Current models generate code from descriptions at 92 percent accuracy but drop to 5 percent when also required to produce formal specifications and machine-checkable proofs.

A machine-rendered reading of the paper's core claim, the machinery that carries it, and where it could break.

The paper constructs a benchmark of 946 competitive-programming problems, each equipped with natural-language descriptions, expert-validated formal specifications, accepted Rust implementations, Verus-checked proofs, and test suites. It then evaluates ten state-of-the-art language models across isolated tasks and the full end-to-end pipeline. The evaluation shows that high performance on plain code generation does not translate to the additional requirements of writing specifications and proofs. A sympathetic reader would care because the work supplies a concrete, scalable testbed for measuring progress toward AI systems that can deliver software accompanied by mathematical correctness guarantees rather than relying solely on testing.

Core claim

VeriContest demonstrates that the strongest evaluated model achieves 92.18 percent on natural-language-to-code generation yet only 48.31 percent on specification generation, 13.95 percent on proof generation, and 5.29 percent on end-to-end verified program synthesis, thereby identifying specification and proof generation as the primary bottlenecks.

What carries the argument

The three-phase construction pipeline that begins with manually verified seed problems, expands semi-automatically with human-in-the-loop review, and applies postcondition testing to validate specification completeness for all 946 problems.

If this is right

Specification generation must be treated as a distinct training objective rather than an automatic byproduct of code generation.
Proof generation remains the most difficult subtask and will require targeted improvements in reasoning over formal invariants.
End-to-end verified synthesis currently succeeds on only a small fraction of problems, so incremental gains in any single component will be necessary before reliable full-pipeline performance emerges.
The benchmark's separate evaluation modes allow future systems to be scored on partial progress rather than requiring perfect end-to-end results immediately.

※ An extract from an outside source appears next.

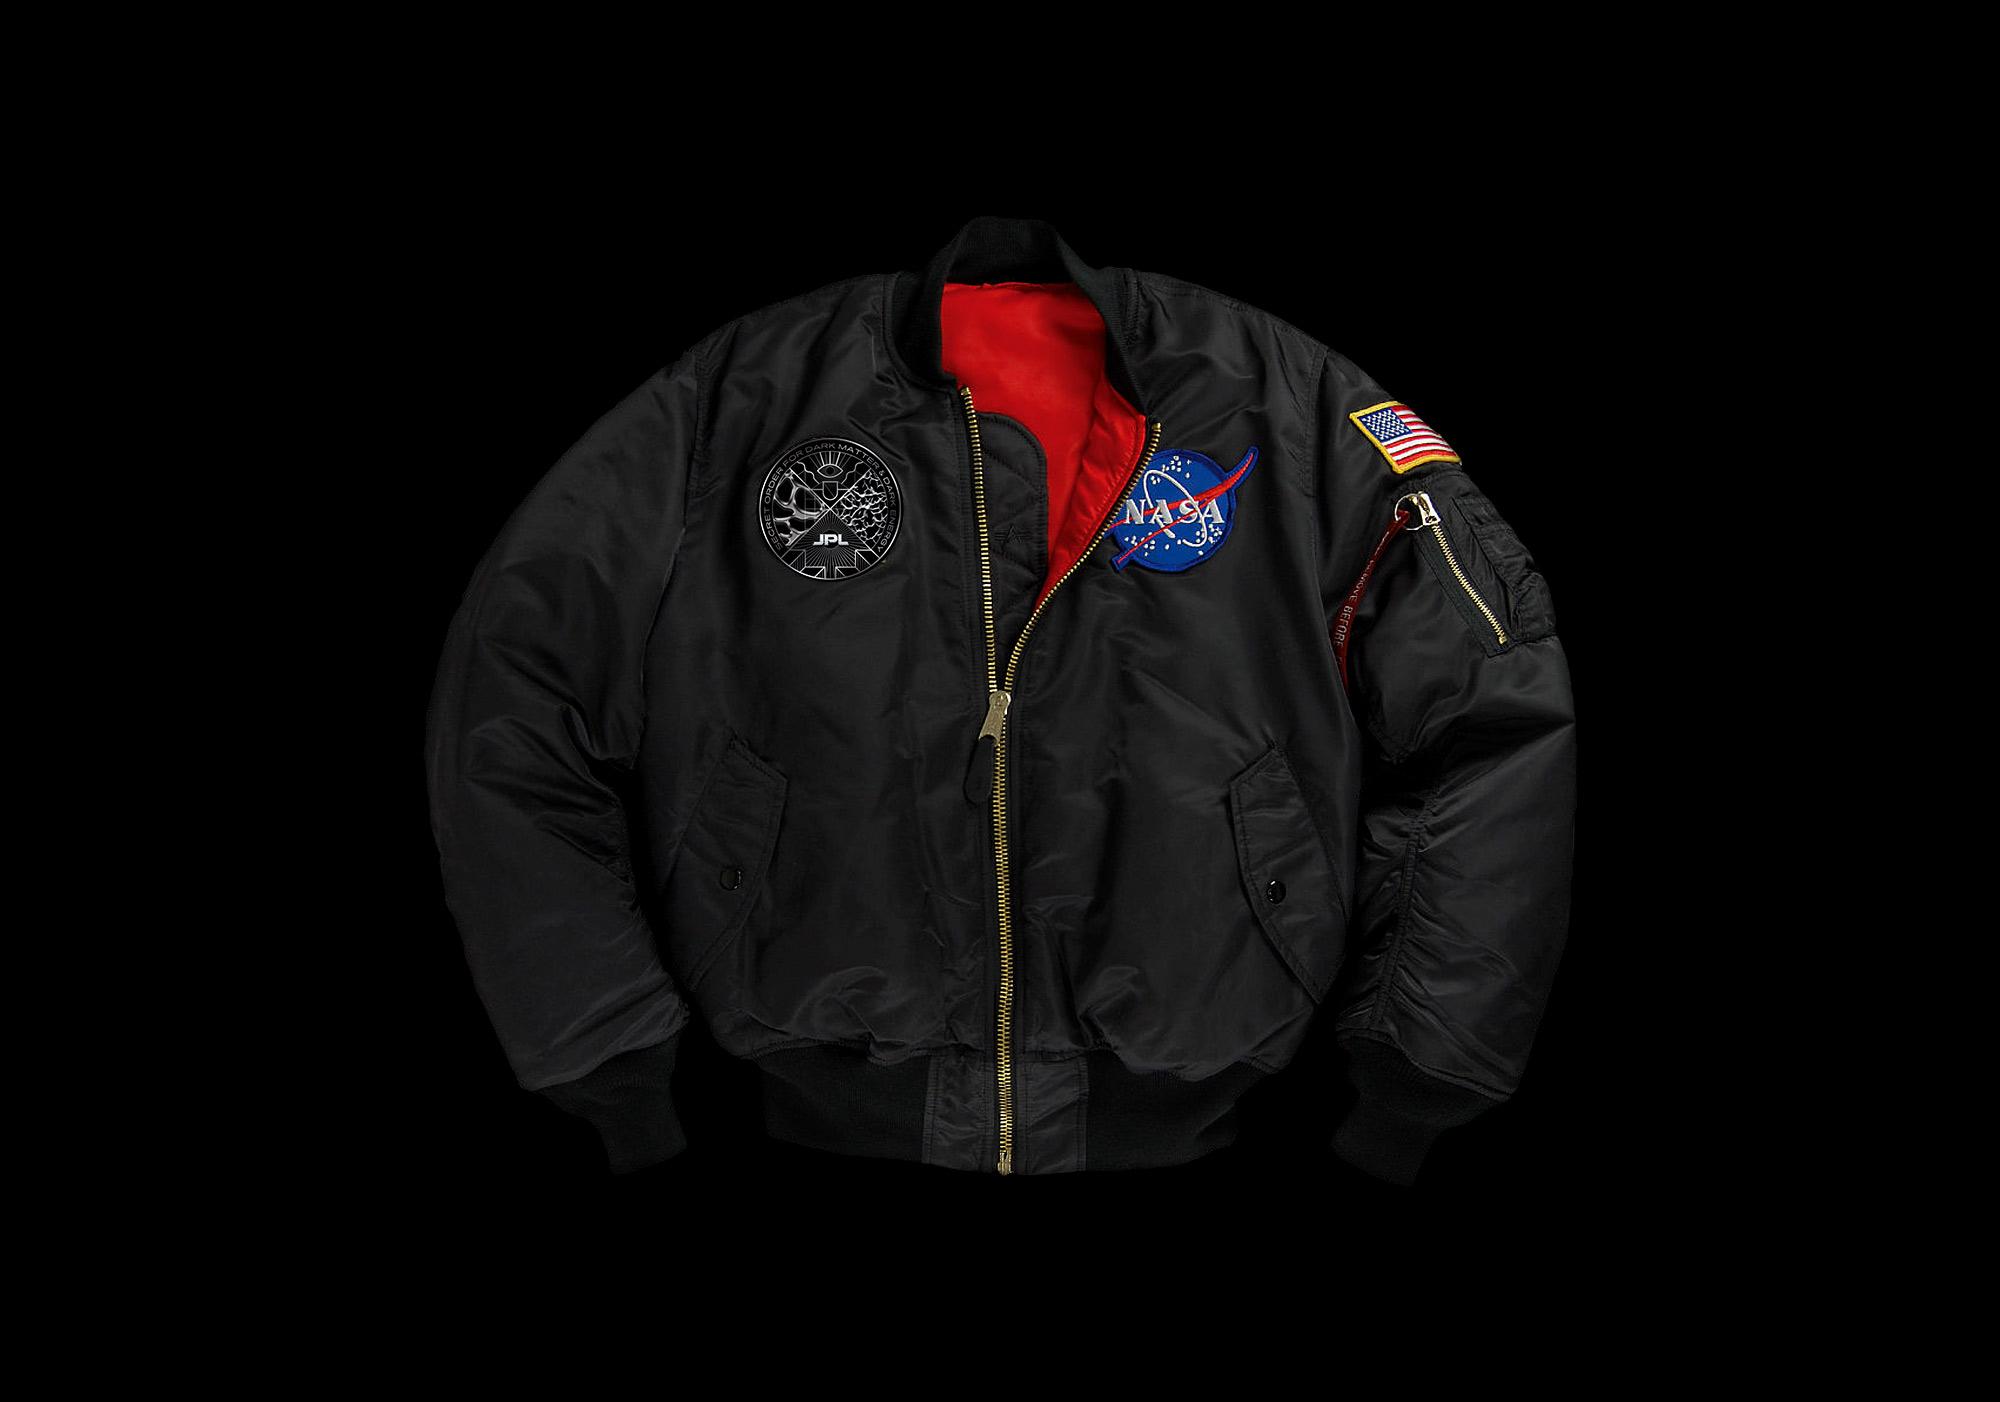 JPL_2

Where Pith is reading between the lines

These are editorial extensions of the paper, not claims the author makes directly.

Training regimes that optimize only for passing tests may systematically under-prepare models for the additional constraints of formal verification.
The observed gap suggests that scaling laws observed for code generation may not hold for joint specification-plus-proof tasks without new architectural or data innovations.
Because the problems are drawn from standard competitive-programming sources, the benchmark can serve as a drop-in replacement for existing coding benchmarks when correctness guarantees become the evaluation target.

Load-bearing premise

The pipeline and review process produce complete, unbiased formal specifications and correct proofs without introducing systematic errors or missing edge cases across the entire set of problems.

What would settle it

Manual inspection of a random sample of problems that finds either incomplete postconditions or incorrect Verus proofs, or re-running the model evaluations and obtaining end-to-end success rates above 20 percent on the same benchmark.

Figures

Figures reproduced from arXiv: 2605.08553 by Aaditi Rai, John Berberian Jr., Lize Shao, Mrigank Pawagi, Sicong Che, Wenxi Wang, Yuxin Liu, Zichen Xie.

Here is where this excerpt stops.